**ABOUT THIS TASK**
Starting at the line with "Hufflepuff Knit Beanie" and stopping at the final line, retype the data below exactly; do not carry over any pictures.

*** STORED DATA Section Begins ***

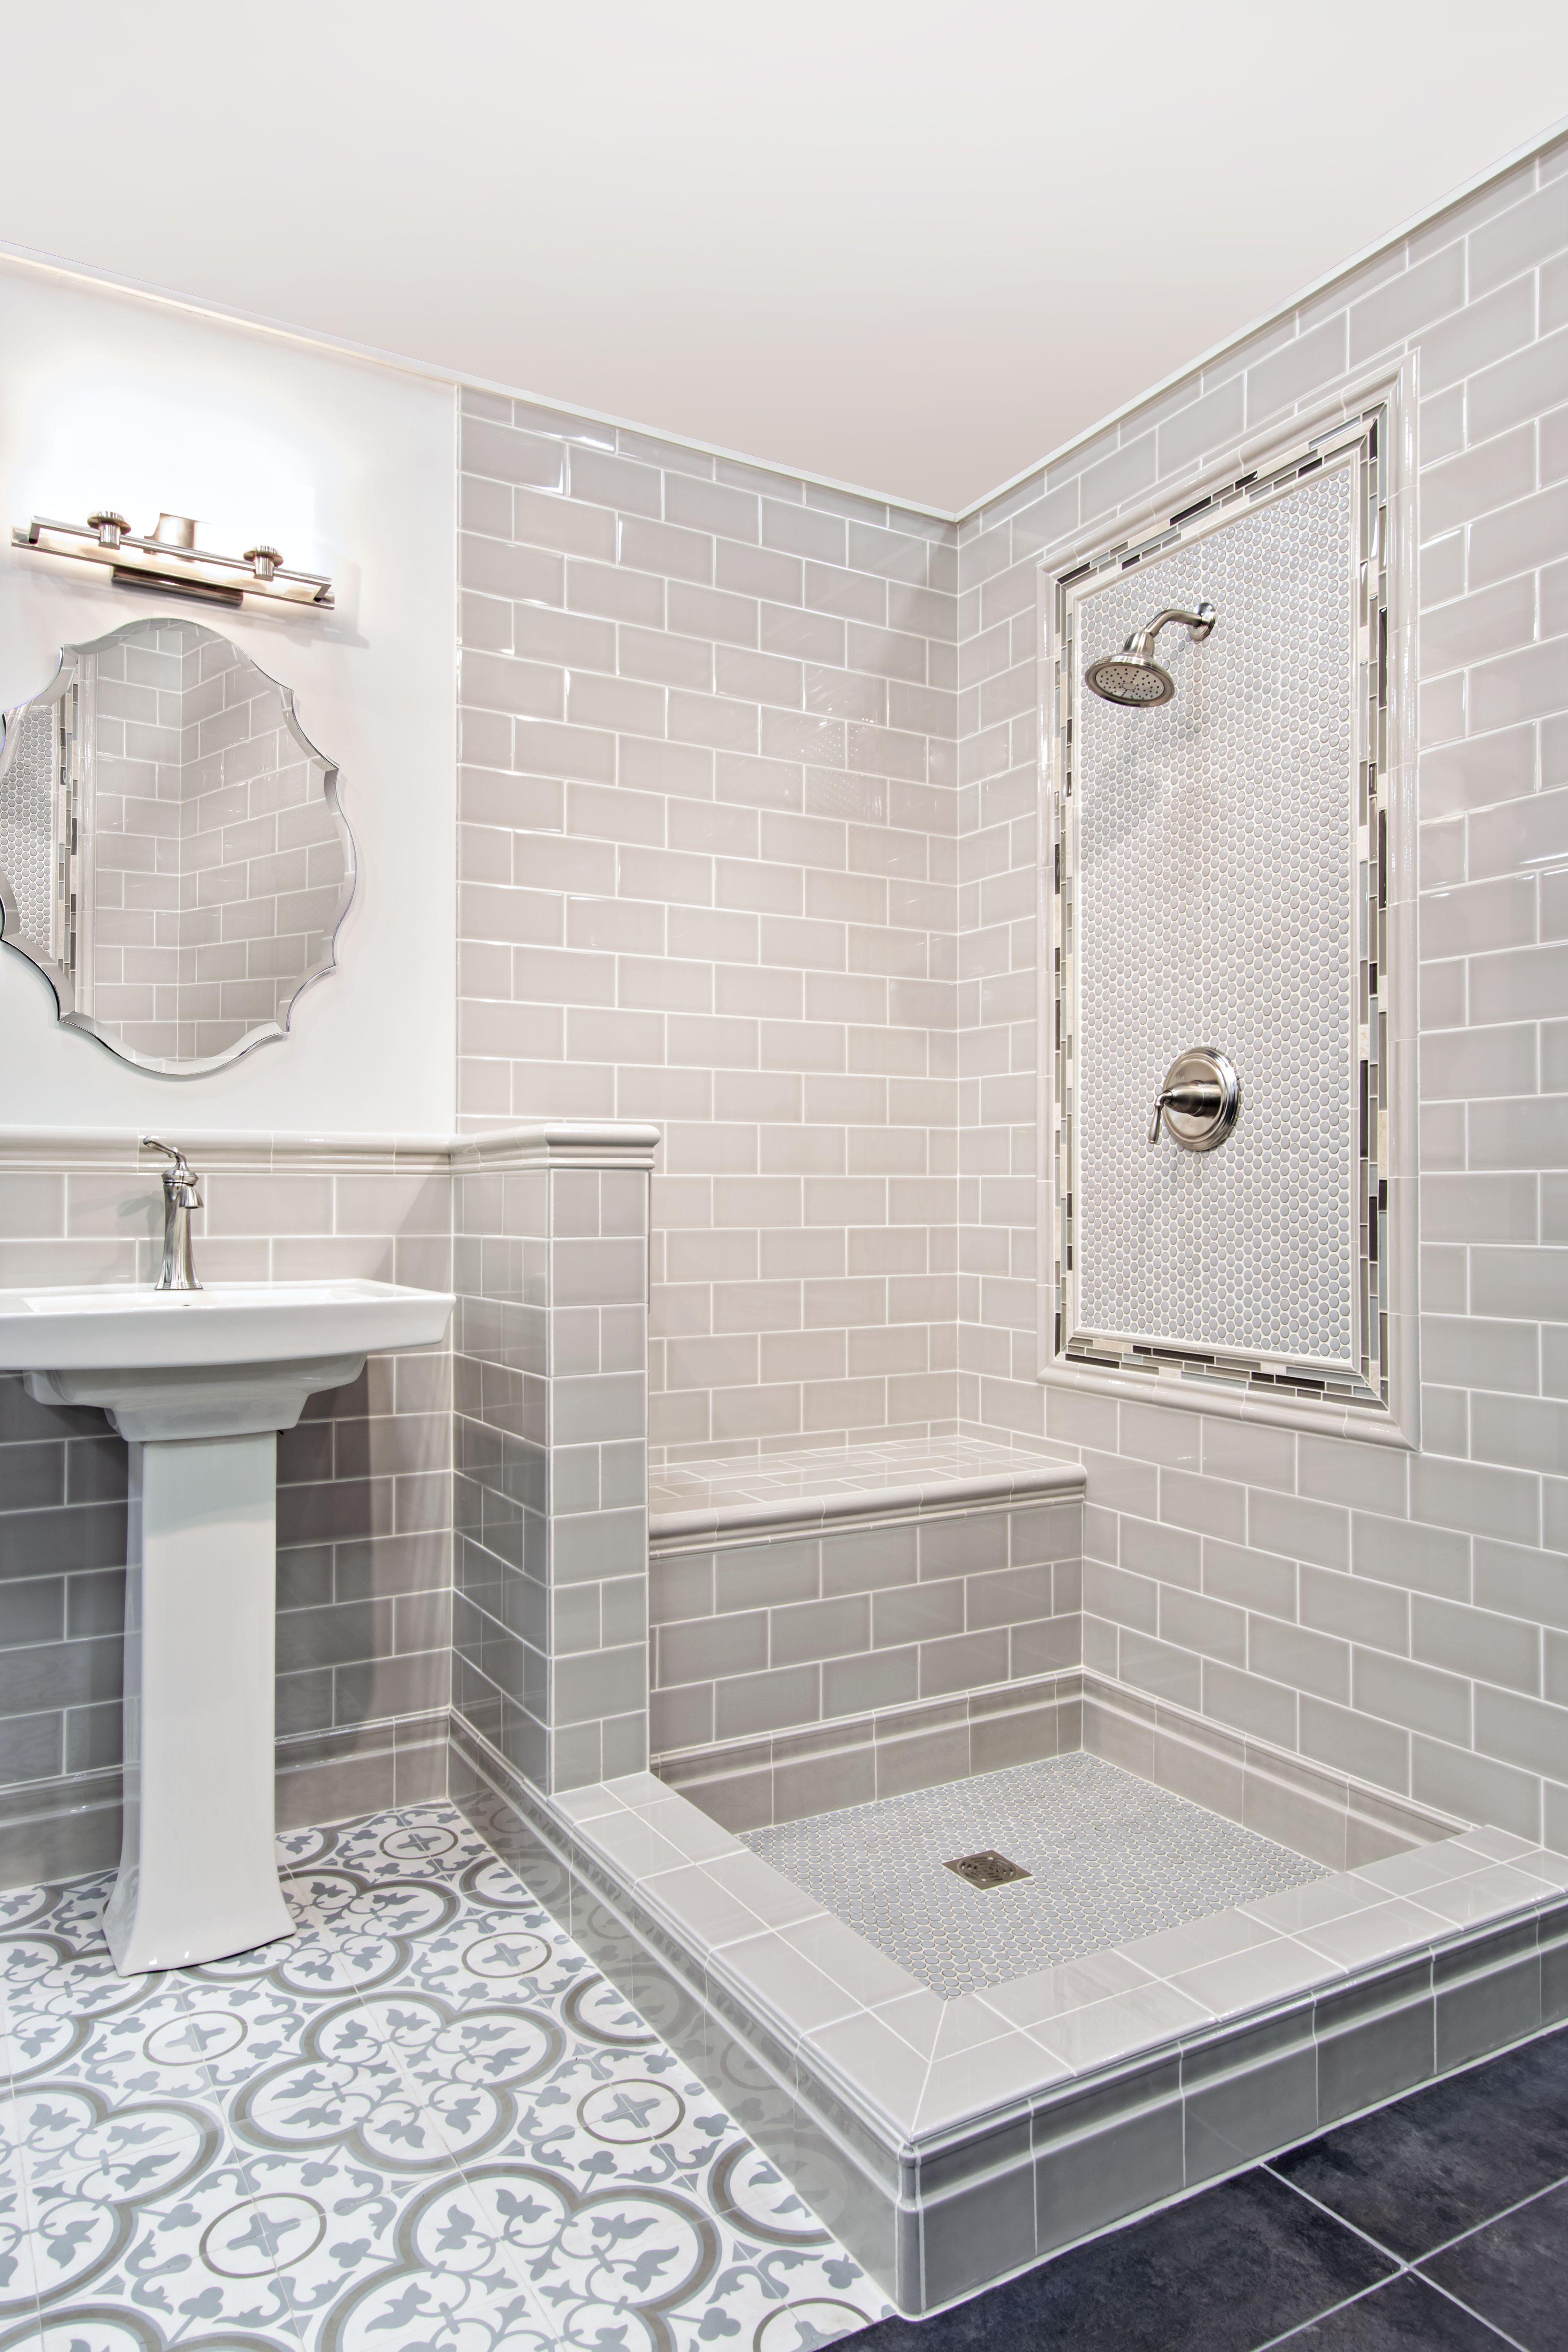 Grey bathroom floor - Light Blue And Grey Bathroom Floor Tile Cheverny Blanc Encaustic Cement Wall And Floor Tile
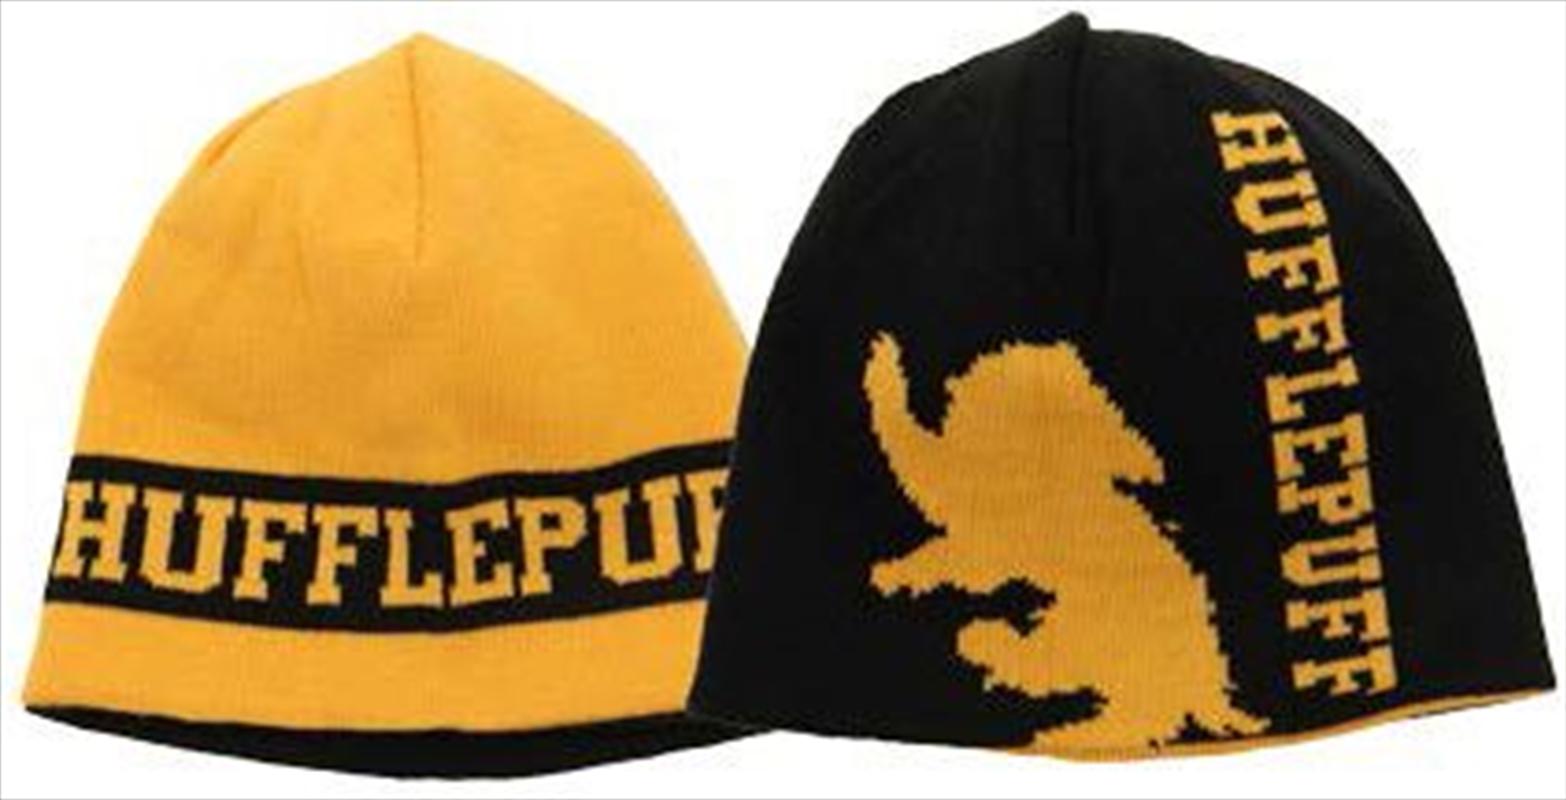 Hufflepuff Knit Beanie   Merchandise
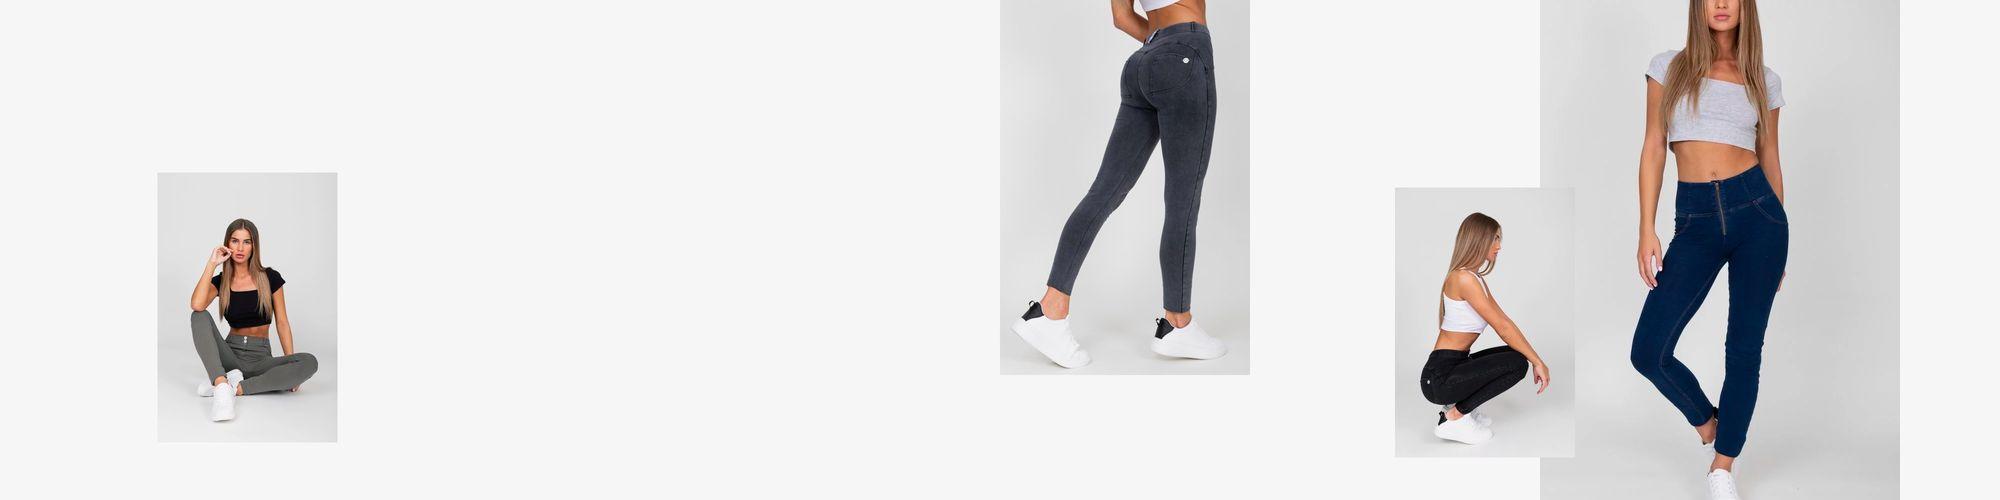 Naskladňujeme Hugz jeans  s push-up efektom!
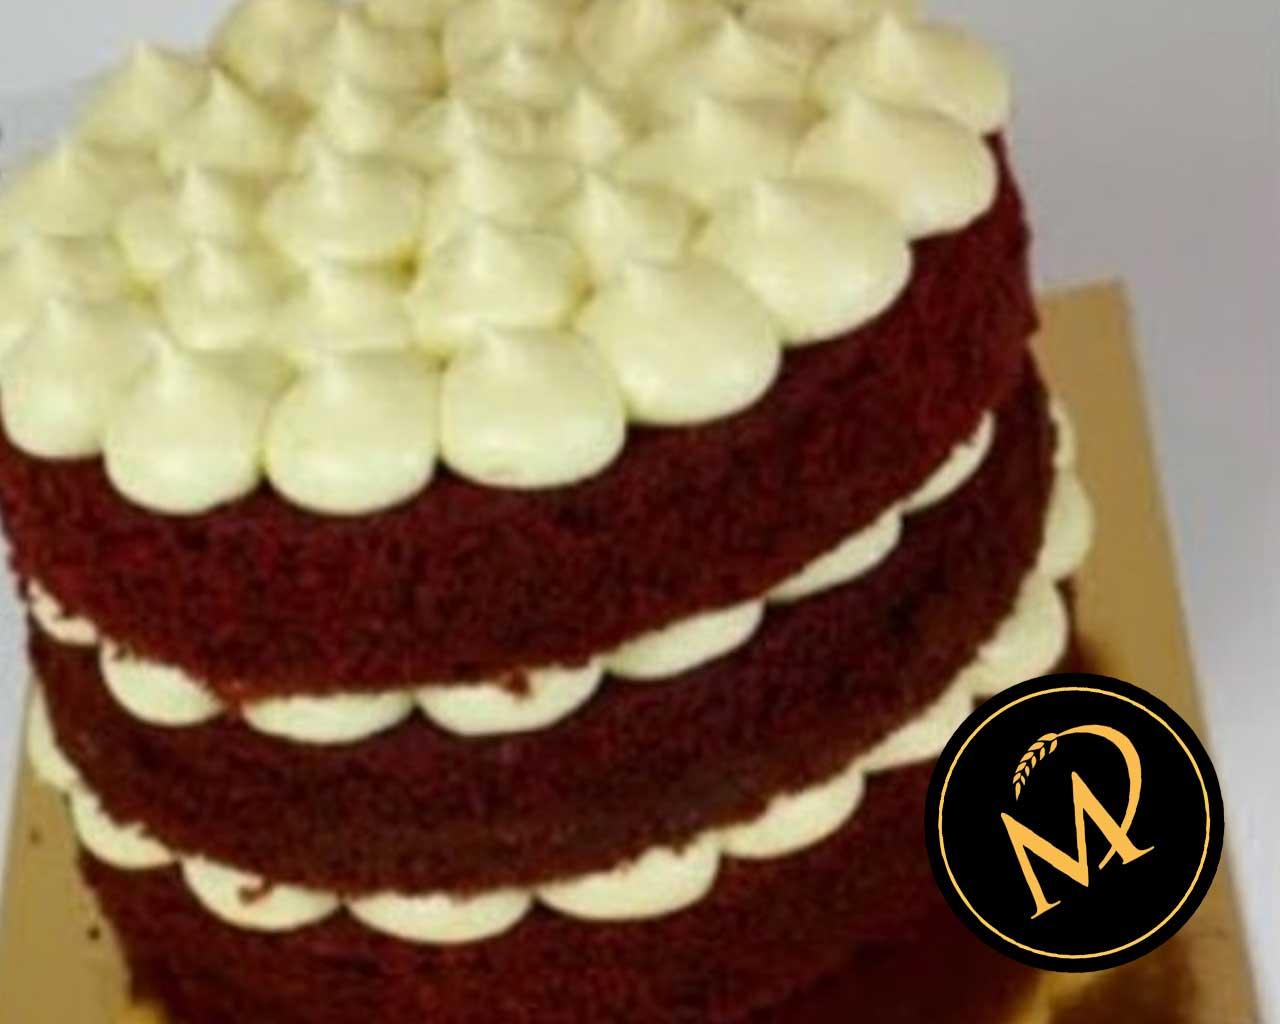 Red Velvet Cake mit Frischkäse Frosting - Rezept Marcel Paa

*** STORED DATA Section Ends ***

**ANSWER SECTION**
 Hufflepuff Knit Beanie   Merchandise
 Naskladňujeme Hugz jeans  s push-up efektom!
 Red Velvet Cake mit Frischkäse Frosting - Rezept Marcel Paa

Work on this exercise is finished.